L' IMPERATORE DI ROMA

02.12.2011 21:48

L'imperatore di Roma descrive in bianco e nero alcune giornate-tipo di un tossicodipendente romano di nome Gerry dedito all'accattonaggio e all'uso di droghe. Attraverso estenuanti monologhi ed interminabili camminate, il film mostra la desolante esistenza di un uomo che ha ripudiato ogni schema ed ogni convenzione per vivere come uno dei tanti gatti che abitano i vecchi ruderi della Capitale.

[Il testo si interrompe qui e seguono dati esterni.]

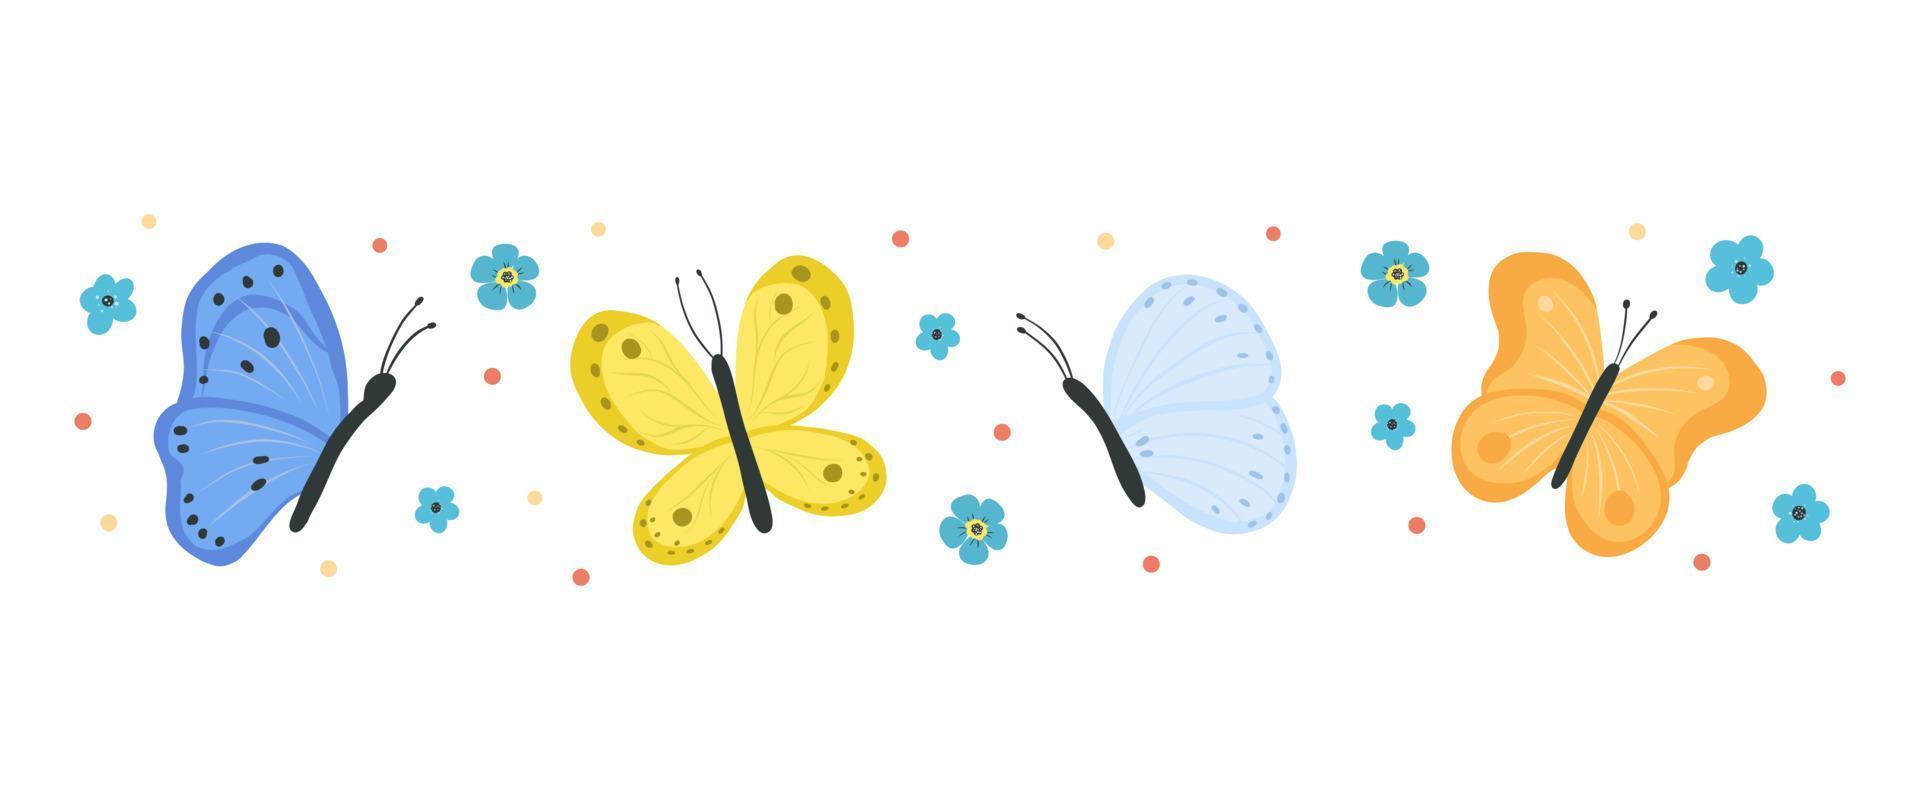 Sammlung von Schmetterlingen und Motten isoliert auf weißem Hintergrund. Reihe von fliegenden Insekten mit bunten Flügeln. bündel dekorativer gestaltungselemente. flache vektorillustration. vektor

In una civiltà in rovina, quella della Roma non più dei baraccati ma impiegatizia, ruffiana, eppure ancor più decadente, tra periferie, prostitute e tossici, è attraversata da questo biondo personaggio (che comparirà anche nel successivo film di D’Alessandria) della quale si autodefinisce imperatore, e contemporaneamente ci conduce lungo la sua personale via crucis: il rapporto con il padre, le difficoltà affrontate per procurarsi una dose, il ricovero in un ospedale psichiatrico. Non immune da alcuni momenti un po’ pedanti (il rapporto con il padre), resta però nella memoria per lucidità e per il personaggio interpretato da Sperandini, che commuove non senza infastidire, per il degrado a cui si abbandona.

A metà strada fra il documentario e il film di finzione, però virato attraverso un’ottica espressionista che quasi miracolosamente riesce a non risultare imposta, il film di D’Alessandria è anche un miracolo indipendente perchè totalmente autoprodotto. Testimone del suo tempo, è anche, naturalmente (e a volte troppo espressamente) parabola universale, vicino per modalità di realizzazione a certi documentari del decennio precedente come “Anna”, con il quale però non condivide una certa ottica retorica di fondo. Da vedere, assolutamente, anche come ultimo baluardo di un cinema che in Italia non esiste più, e anche al di fuori del nostro paese sta quasi scomparendo, grazie ad un sistema di grandi mezzi che si sta impadronendo anche delle piccole realtà autoprodotte.
Un film che si identifica contemporanemente sia con il suo protagonista che con il suo autore.